Royal Observatory, Greenwich appoints Black Hole specialist Marek Kukula as Public Astronomer

Dr Marek Kukula, distant galaxies and quasar expert, has been appointed the new Public Astronomer.

The Royal Observatory Greenwich (ROG) has appointed distant galaxies and quasar expert, Dr Marek Kukula as its new Public Astronomer. The appointment, assisted by the Science and Technology Facilities Council (STFC) is part of a continuous programme by the Museum and STFC to develop its astronomy and public engagement activity.

Dr Kevin Fewster, Director at the Royal Observatory, Greenwich said: ‘Marek brings considerable breadth of experience to the Royal Observatory. His impressive scientific resume, coupled with a wealth of experience in the science communication sector, gives the Royal Observatory, Greenwich a respected and capable public representative. Marek’s background is in both astronomy research and public engagement and he is familiar with current trends in both education and the research community. This coupled with his passion and experience of communicating science, bringing astronomy events to isolated and non-traditional audiences and his ability to explain complex astronomy knowledge concisely and vividly made him the ideal candidate. His appointment is part of a key initiative to help the Royal Observatory develop its profile and its worldwide brand to become a focus for public engagement in astronomy activity nationally and internationally’.

Specialising in the study of supermassive black holes and the evolution of galaxies, Marek has 15 years of science research in UK universities, including five years as a PPARC Advanced Fellow at the University of Edinburgh’s Institute for Astronomy and two years at the Space Telescope Science Institute in Baltimore, home of NASA’s Hubble Space Telescope.

Marek is a member of the Science and Technology Facilities Council’s (STFC’s) Small Awards funding panel for public engagement in astronomy, particle and nuclear physics, covering a range of projects in museums, universities, schools and science centres.
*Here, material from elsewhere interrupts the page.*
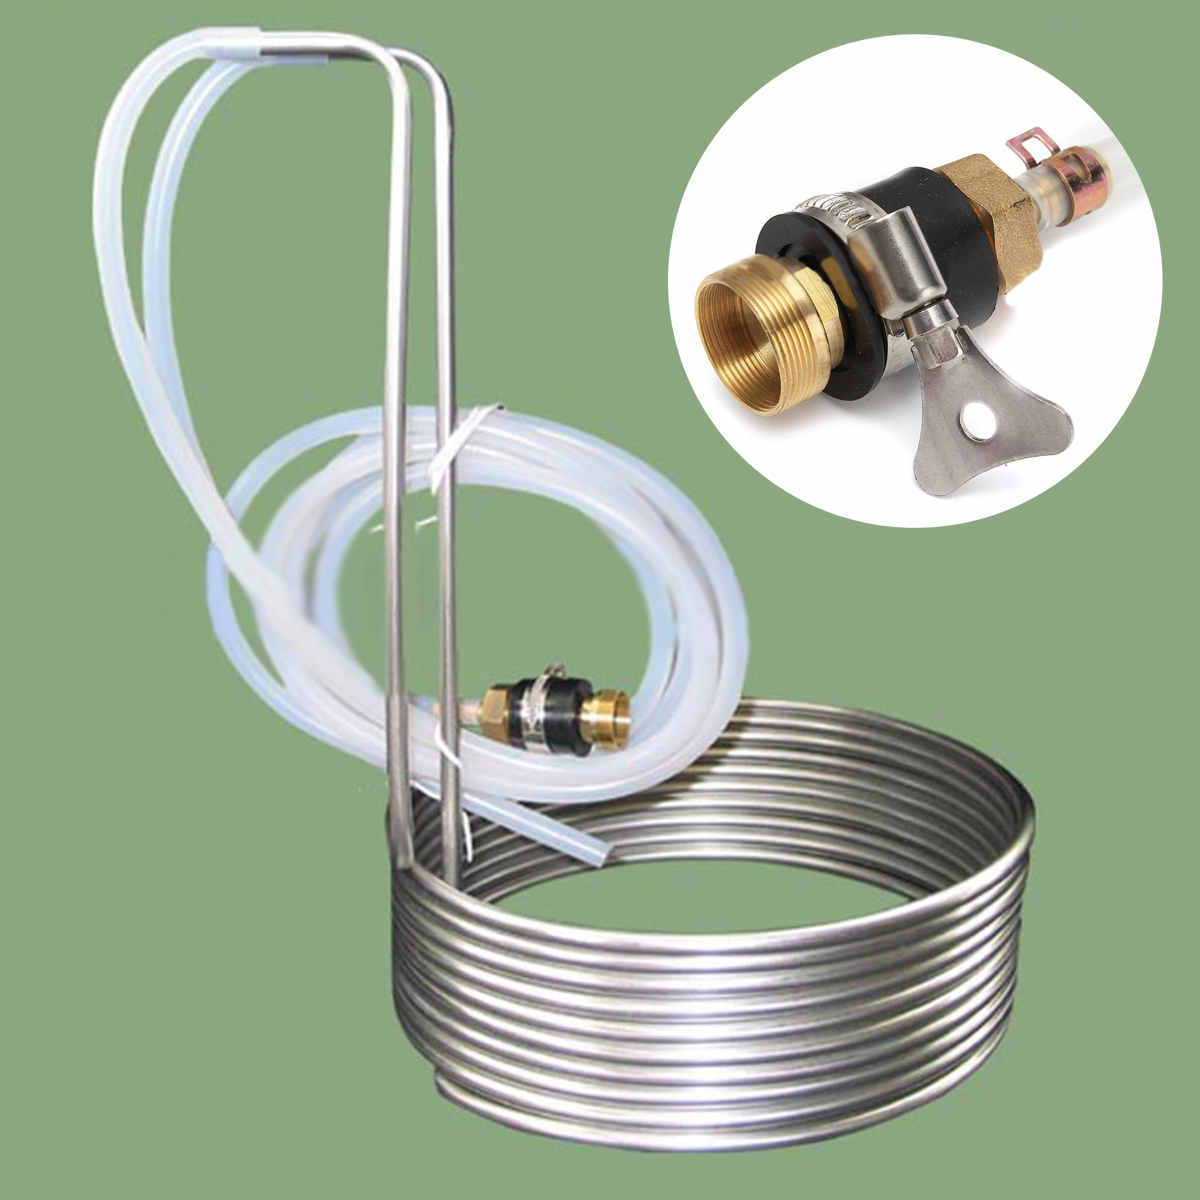 304 Stainless Steel Immersion Wort Chiller Tube Home Brewing Super Efficient Wort Chiller Home Wine Making Machine Part New

As a researcher he has successfully secured over £500,000 in research grants from the UK and US governments as well as time on the Hubble Space Telescope and other international observatories worth several £million.

In his role as Public Astronomer, Marek will ensure the Royal Observatory engages with the Observatory’s one million visitors and wider public, the academic research community and the media to promote and foster understanding and interest in current astronomical research and phenomena through its learning programmes, planetarium shows and public activities. Providing both astronomy and broader science communication expertise, he will represent the ROG on issues related to modern astronomy and space science, sustaining the reputation of the re-developed Royal Observatory as a centre of excellence for all audiences nationally and internationally.

Prior to joining the Royal Observatory, Marek was Course Organiser for Science and Nature at the University of Edinburgh’s Office of Lifelong Learning, where he was responsible for delivering a broad programme science education courses for the general public. Previously he was a research fellow at the University of Edinburgh, carrying out research into quasars, black holes and distant galaxies and developing astronomy teaching materials for secondary schools and training courses for Physics teachers. Marek also worked with Researchers in Residence, a UK-wide scheme funded by Research Councils UK and the Wellcome Trust, which matches young researchers with local secondary schools and trains them to bring their enthusiasm and knowledge into the classroom.

Marek who took up his post on 4 August 2008 said ‘We are currently in an extremely exciting period for astronomy, with spectacular new discoveries being made almost every day. I hope I can convey some of that excitement and help to explain how modern astronomy continues to change our view of the Universe and our place within it. With the International Year of Astronomy taking place in 2009, the Royal Observatory, Greenwich will play a major role in providing astronomy activities as part of the IYA programme and I’m really looking forward to exploring ways of increasing the scope of public engagement and bringing the latest discoveries to a wider audience’.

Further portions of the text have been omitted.